The screening process involved identifying criteria for types of documents, publication language, the population and phenomena of interest, and time period (Stern et al. 2014). The purpose of this study was to assess national AI policy strategies as they relate to education. Therefore, the study applied the following inclusion/exclusion criteria:

  • Documents needed to be complete and resemble a national AI policy strategy. Some such documents describe themselves as preliminary reports or blueprints, working towards more robust or formalized policy strategies. Nevertheless, many were sufficiently robust so as to be considered as policy strategies. On the other hand, countries that had only announced task forces, funding initiatives, created websites, or otherwise did not have a well-developed document analogous to that of other countries were not included. This ensures countries can be compared fairly and speak to sufficiently detailed items of policy, with a sizable average of 62 pages per document.

  • Documents needed to be in English, due to the author’s limited language proficiency. However, in a number of cases, governments had produced official English-language translations (e.g., Finland, Italy). While automated translation of non-English documents (e.g., Google Translate) may not be of sufficient quality, there was one unofficial but high-quality translation included in the final sample, of China’s AI policy strategy, performed by the Foundation for Law and International Affairs.

  • The study also excluded documents produced by inter-governmental organizations, such as the United Nations, the Organization for Economic Cooperation and Development, and the European Union. While these documents are no doubt important, they address a different scope, as they are relatively distant from national-level institutions, funding activities, and other policy activities, such as those involving education policy. This makes these documents less comparable to national-level AI policy strategies.

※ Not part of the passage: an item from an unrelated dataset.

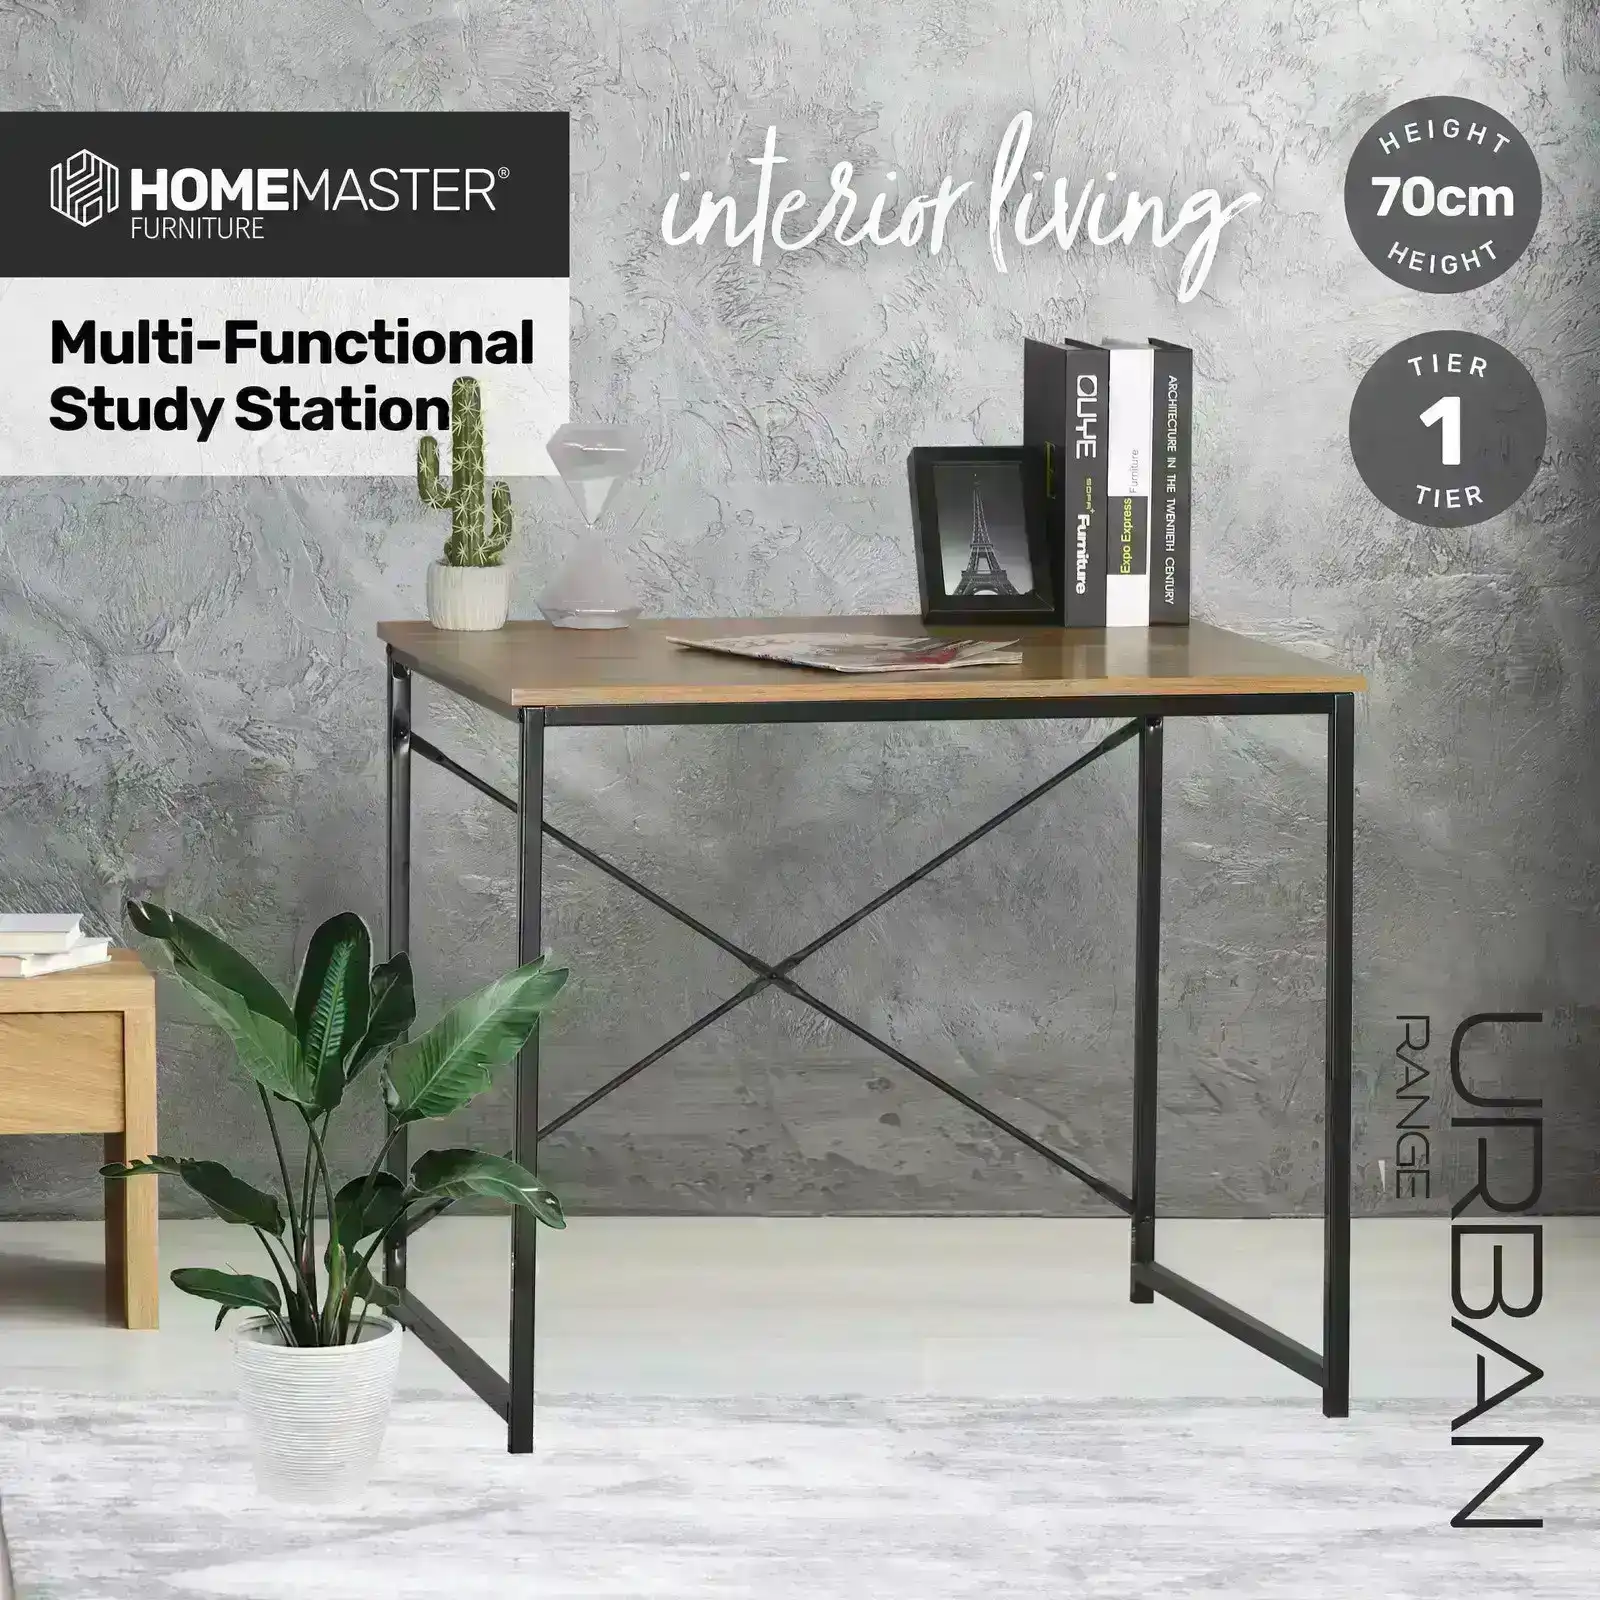 Home Master® Multifunctional Study Station Sleek Stylish Modern Design 70cm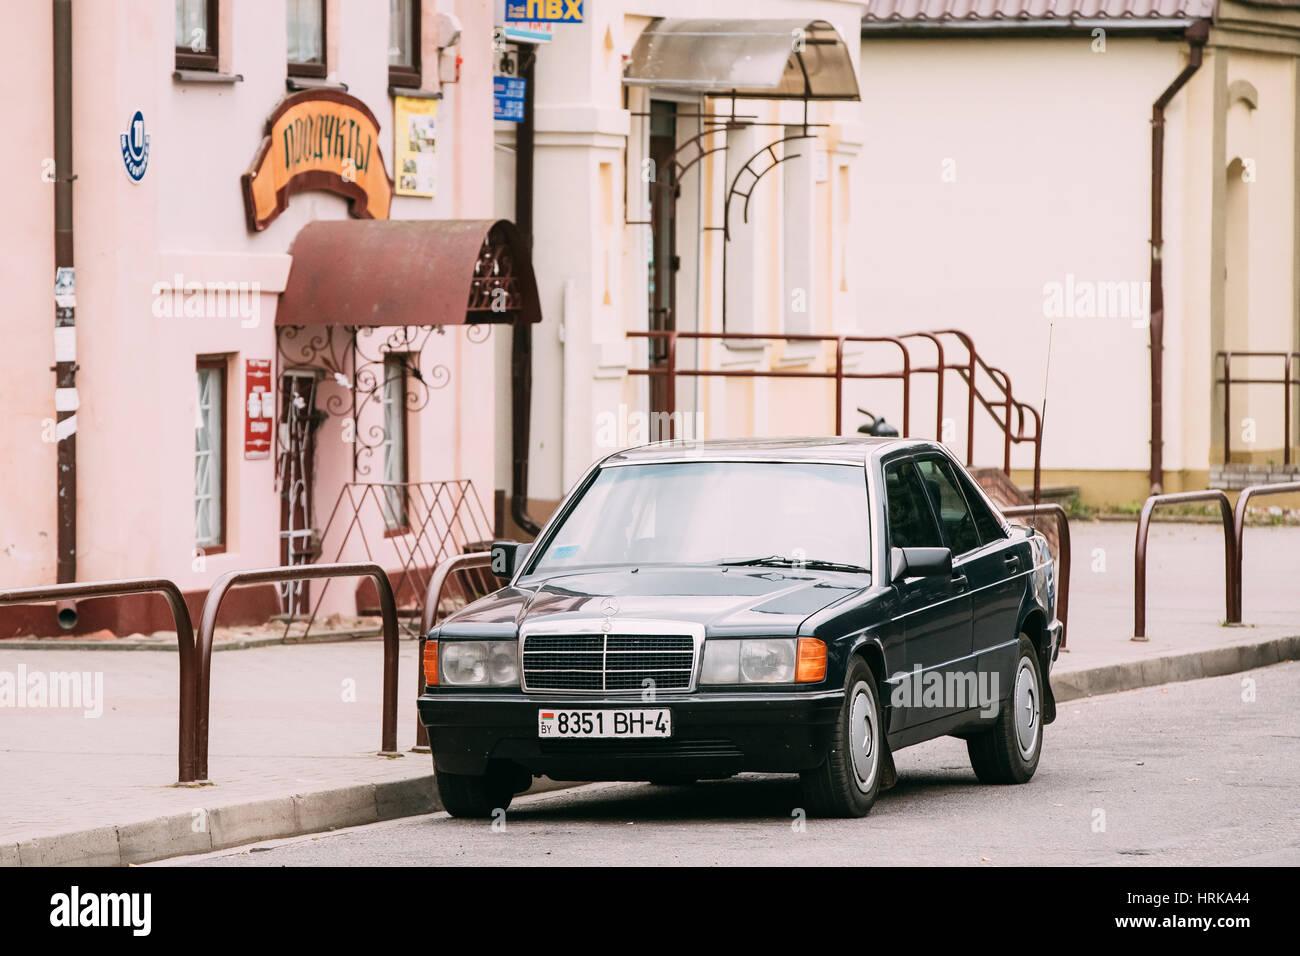 Mir, Belarus - September 1, 2016: Old car 1996 Mercedes-Benz 190 E (W201) sedan parking on street. First compact executive car from Mercedes-Benz intr Stock Photo

  • Finally, in a number of cases, countries produced multiple documents that were potentially relevant to AI policy. Only one document was selected per country. The chosen document was typically the most robust and the most recent, at times an evolution of a previous draft or more preliminary document. Further, some candidate documents were not representative of an overarching national AI policy strategy. For example, documents from Germany addressing autonomous vehicle policy and from Finland addressing work in the age of AI were excluded in preference of Germany’s National Strategy for AI and Finland’s Age of AI. This screening criteria helped to ensure that individual countries were not overrepresented, that information analyzed was not redundant, and that the most robust, high-quality, and comparable policy strategies were selected in each case.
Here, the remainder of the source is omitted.